Un informe del área de investigación global de Goldman Sachs ubicó a la Argentina como el país más rezagado en el uso de Inteligencia Artificial (IA) entre 28 naciones analizadas. Según los economistas Sarah Dong y Joseph Briggs, la tasa de “adopción implicada” en el país se mantiene por debajo del 10%, un nivel inferior al de otros socios latinoamericanos incluidos en la muestra.
El documento, elaborado con datos de la Organización para la Cooperación y el Desarrollo Económicos (OCDE), compara ese registro con los de Brasil, México, Chile y Colombia, que se ubican entre el 10% y el 15%. En el extremo superior aparecen economías desarrolladas con tasas cercanas o superiores al 20%, entre ellas Francia, Estados Unidos, Países Bajos, Reino Unido, Alemania y Noruega.
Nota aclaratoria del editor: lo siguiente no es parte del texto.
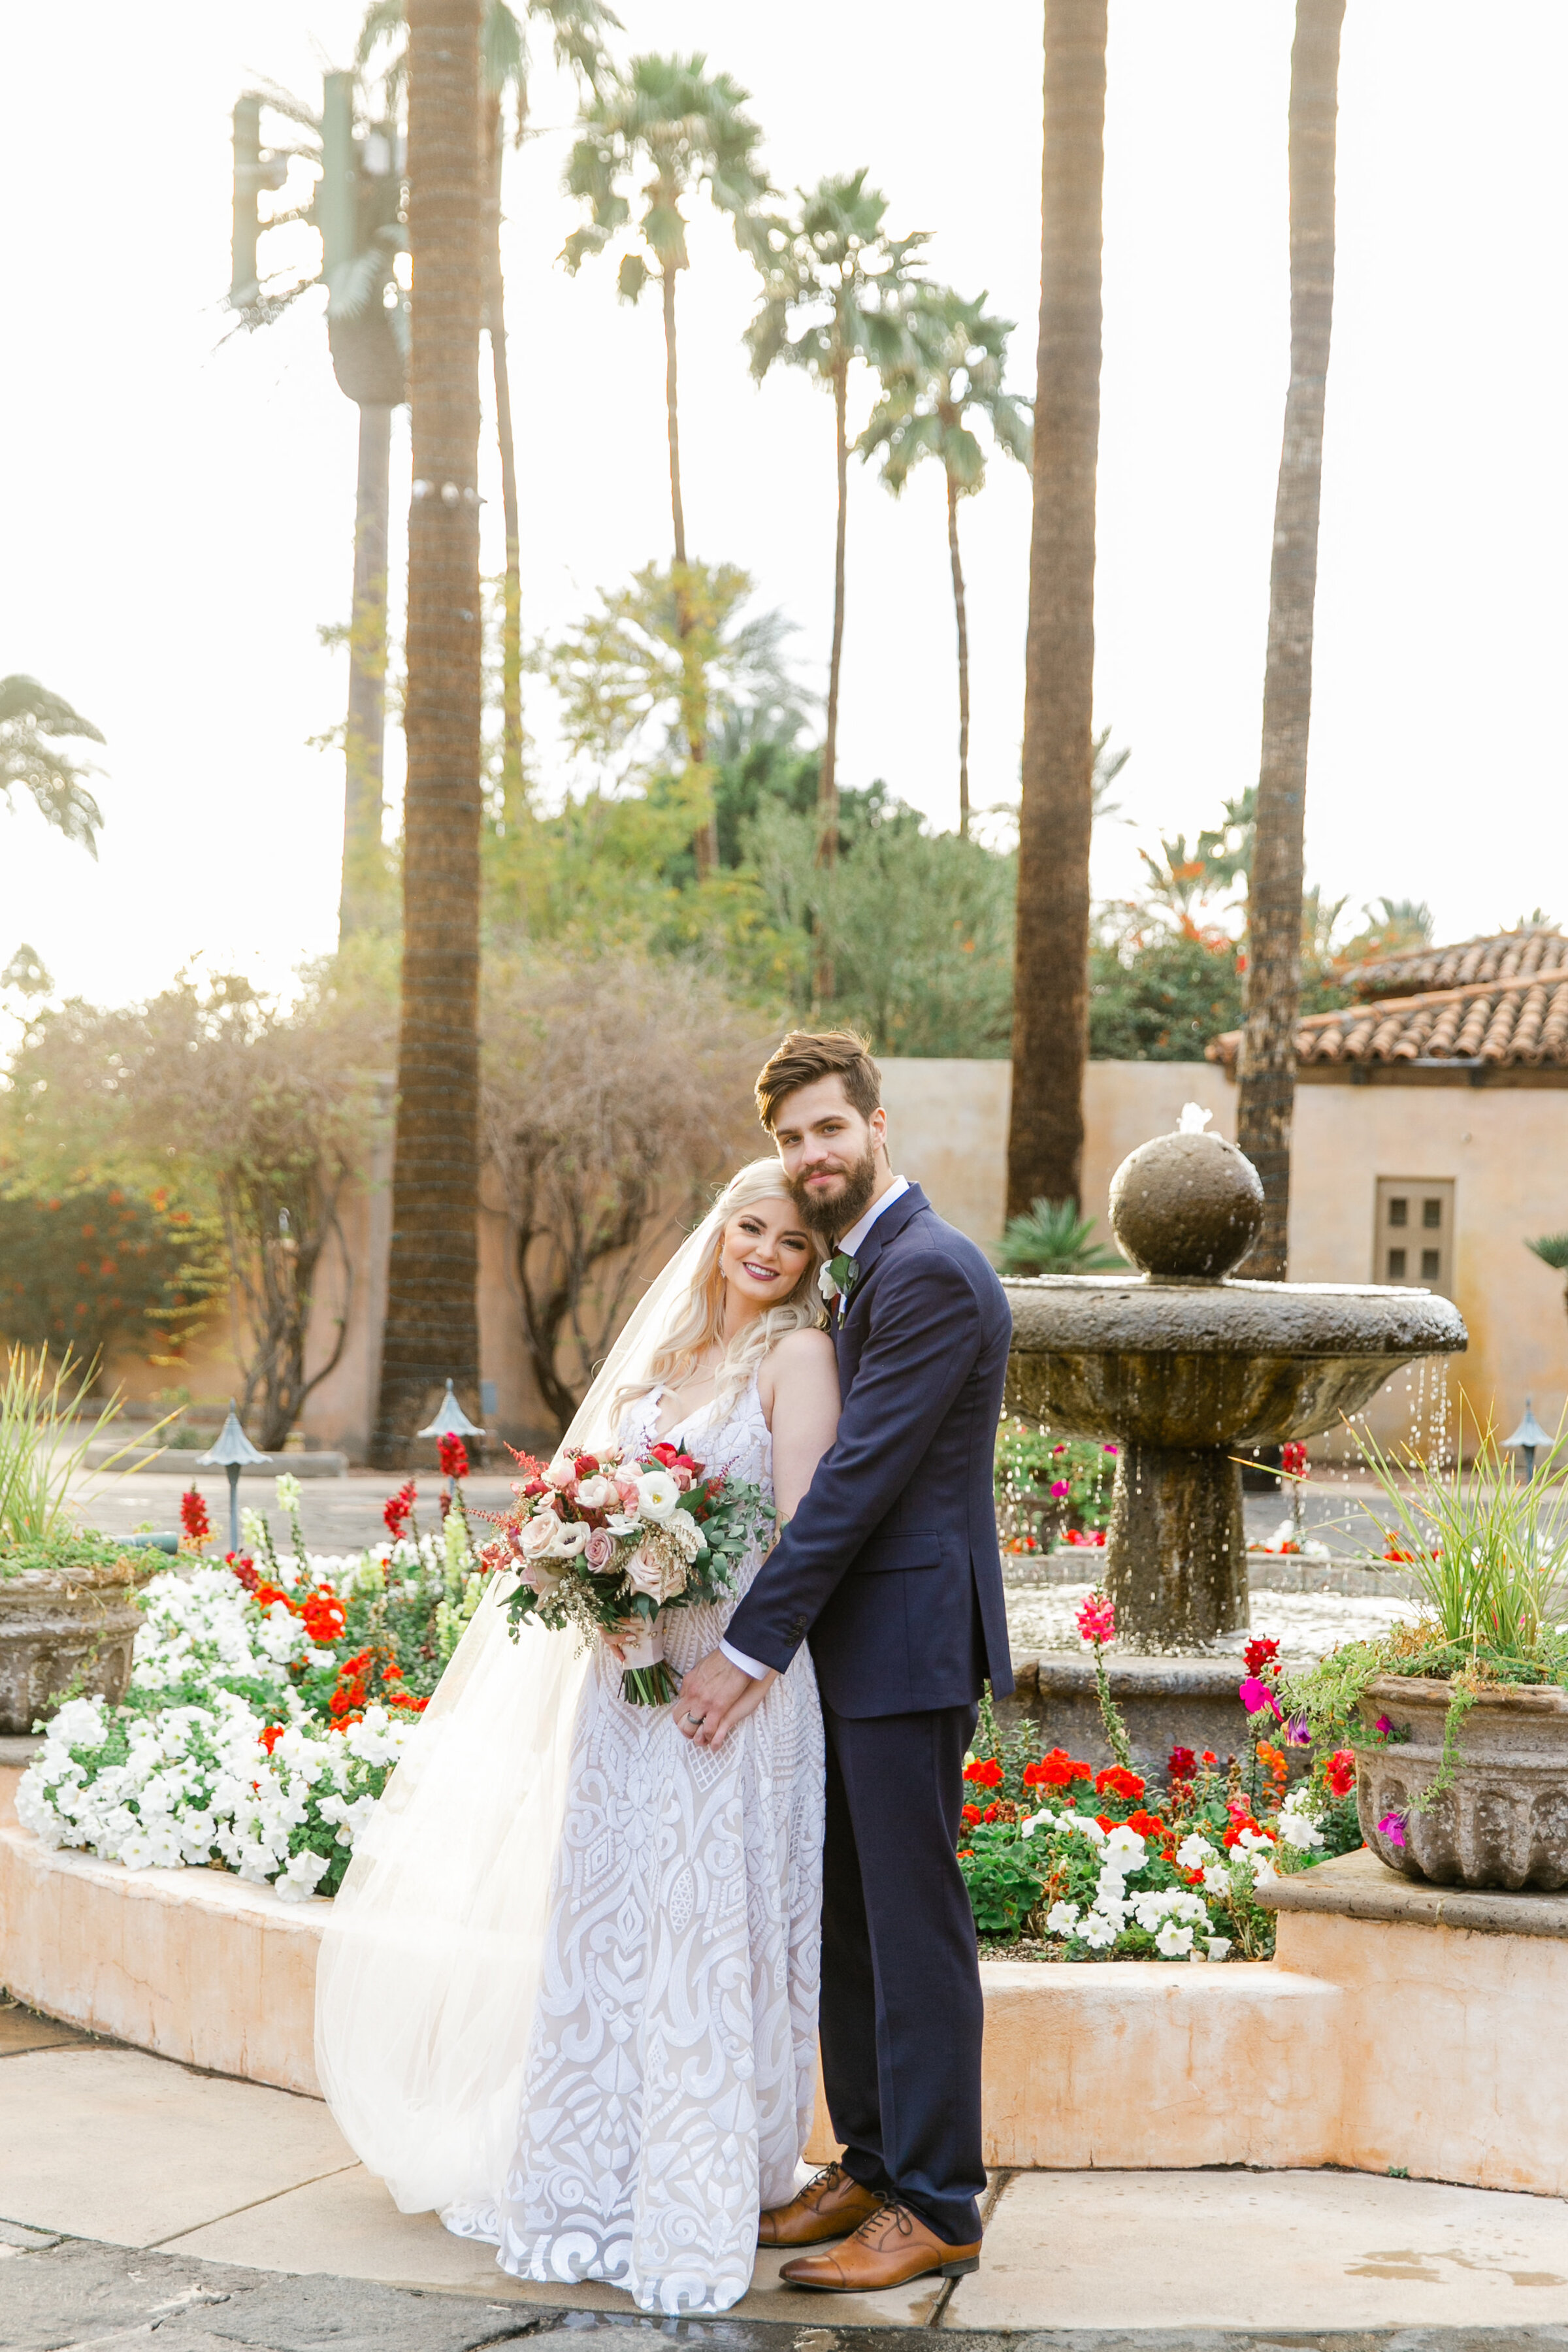 Karlie Colleen Photography - The Royal Palms Wedding - Some Like It Classic - Alex & Sam-539

La lectura general del estudio es que la digitalización avanzada mediante herramientas generativas avanza a ritmos distintos entre países desarrollados y emergentes.
Impacto laboral
En el mercado de trabajo, el informe sostiene que la IA todavía no modifica de manera drástica las métricas generales de contratación. Sin embargo, advierte que los sectores más expuestos a tareas automatizables mostraron una desaceleración en la generación de empleo desde el segundo semestre de 2022. Entre los rubros mencionados figuran tecnología, centros de llamadas, publicidad y edición de software, con una caída en la publicación de vacantes.
El caso de los call centers aparece como el más marcado: la ocupación se ubicó un 39% por debajo de su tendencia histórica en EE.UU., un 33% en Canadá y un 27% en Alemania. Pese a ese comportamiento, el informe señala que el efecto agregado sobre el empleo total es acotado: un aumento del 10% en la exposición a la IA reduce apenas 0,1% la variación de la dotación de personal. Los economistas también remarcan que el mayor impacto recae en trabajadores jóvenes e iniciales, con más dificultades para ingresar al primer empleo.
Infraestructura y nuevas demandas
El economista jefe de Goldman Sachs, Jan Hatzius, proyectó que el desempleo en Estados Unidos no mostraría un deterioro estructural de largo plazo y estimó una tasa similar al 4,1% actual dentro de diez años. Su planteo se apoya en que el mercado laboral tiende a reconvertirse, como ocurrió en olas tecnológicas anteriores. En esa misma línea, el informe coincide con un cambio de enfoque de la revista británica The Economist, que revisó su advertencia de mayo sobre un posible “apocalipsis del trabajo” y sostuvo luego que la IA creó más empleos de los que destruyó hasta el momento.
El principal contrapeso a la automatización, según el estudio, está en la inversión en infraestructura tecnológica. La demanda de centros de datos, servidores, chips y sistemas de refrigeración impulsó empleo técnico en sectores tradicionales. Desde 2023, electricistas, ingenieros de redes, técnicos de climatización y trabajadores de la construcción sumaron unos 320.000 puestos por encima de la tendencia, mientras que también creció la búsqueda de ingenieros de IA, directores de estrategia digital y analistas de datos. El mismo informe registra aumentos en actividades que ganan productividad con asistentes virtuales, como los asistentes legales, con 11%, y los investigadores de mercado, con 6%.